Diodorus Siculus (on Celtic helmets) (History V.30.2)

 

 

While horned helmets among the Celtic tribes are well documented in artwork and coins from the period, actual archaeological confirmation of the existence of this particular type of helmet has been rare. Indeed, until now it was thought that the only known example from Iron Age Europe was the Waterloo Helmet found in the River Thames in London, which is ceremonial in nature and differs greatly from Celtic horned helmets depicted elsewhere.

 

Bronze ceremonial horned helmet with repoussé decoration in the La Tène style, discovered in the River Thames at Waterloo Bridge, London

(ca. 100 BC)

 

 

Warrior with horned helmet depicted on a stele from Bormio (Lombardy), Italy

(early 4th c. BC)

 

Bronze statue of a naked Celtic warrior with horned helmet and torc. Originally from northern Italy, and presently in the Antikensammlung (SMPK), Berlin

(3rd c. BC)

 

However, despite the belief that the Waterloo Helmet was the only example of such from Iron Age Europe, a further example is to be found in the bronze horned helmet discovered near the modern village of Bryastovets (Burgas region) in eastern Bulgaria.

с. Брестовец, Плевенско 2

The Celtic Horned Helmet from Eastern Bulgaria (3rd c. BC)

(After Manov M. (2017) In Search of Tulis or Thrace Between 341 and 218 BC. Sofia. P. 151, Fig. 57 (In Bulgarian) who links it with Cavaros, the ruler of the Celtic “Tyle” state.

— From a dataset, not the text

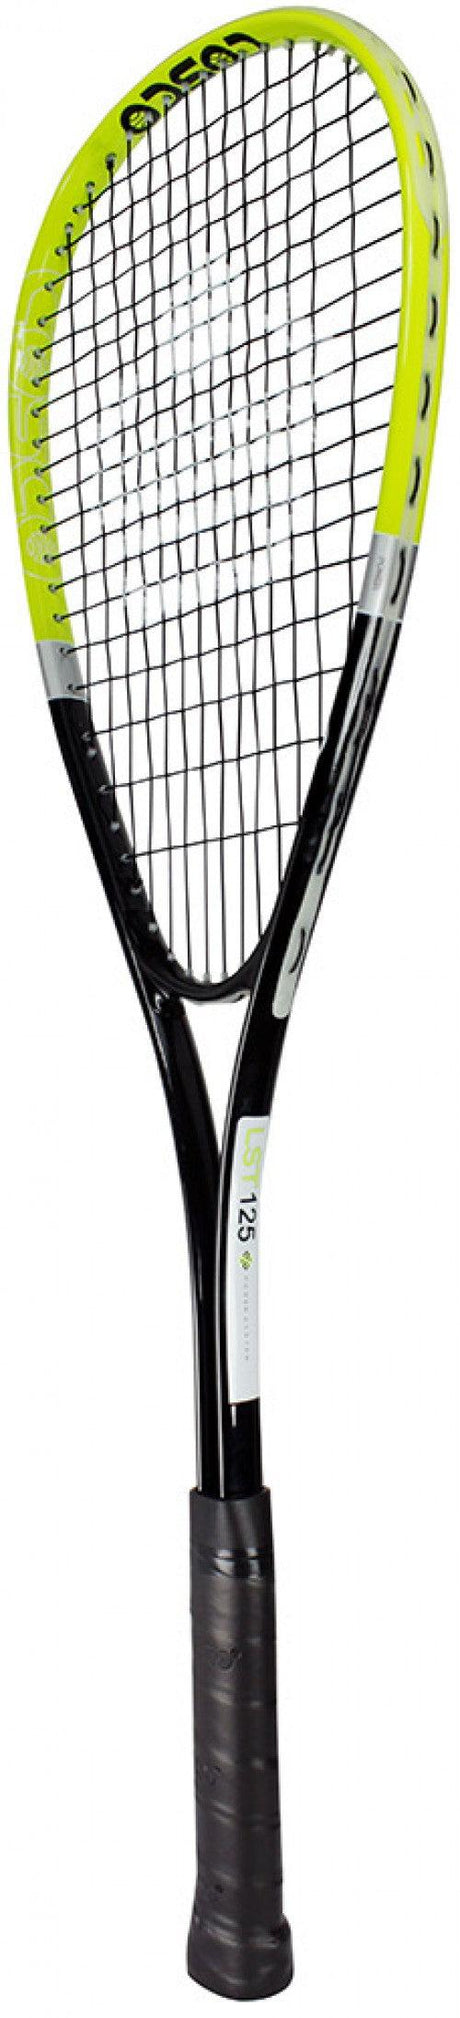 Cosco LST 125 Squash Racket - Mill Sports

 (Fol A., Fol V. (2008) The Thracians. Sofia; Fol, a former Communist minister, member of the Secret Police, and founder of the Institute of Thracology, incorrectly placed the village of Bryastovets in the Targovischte region of northern Bulgaria (!) )*

 

Location of  Bryastovetz

 

In the Balkan context Celtic warriors wearing such horned helmets also appear on two panels of the Gundestrup cauldron, which is believed to have been produced in northwestern Thrace in the late 2nd c. BC by the Scordisci tribes:

 

Scenes from the Gundestrup cauldron (plates C and E) depicting Celtic warriors wearing horned helmets

See also: https://balkancelts.wordpress.com/2016/09/06/the-gundestrup-ghosts-hidden-images-in-the-gundestrup-cauldron/

 

 

The area of today’s eastern Bulgaria where the Bryastovetz helmet originates was located within the territory of the Celtic ‘Tyle’ state in the 3rd c. BC, and is rich in Celtic numismatic and archaeological material from this period. Celtic tribes are also recorded in this area of s-e Thrace in the 2nd century BC (Appianus, Syriaca 6.22), and it appears likely that the helmet originated from a Celtic warrior burial in the area, most probably an aristocratic burial associated with the Celtic ‘Tyle’ state of the 3rd c. BC.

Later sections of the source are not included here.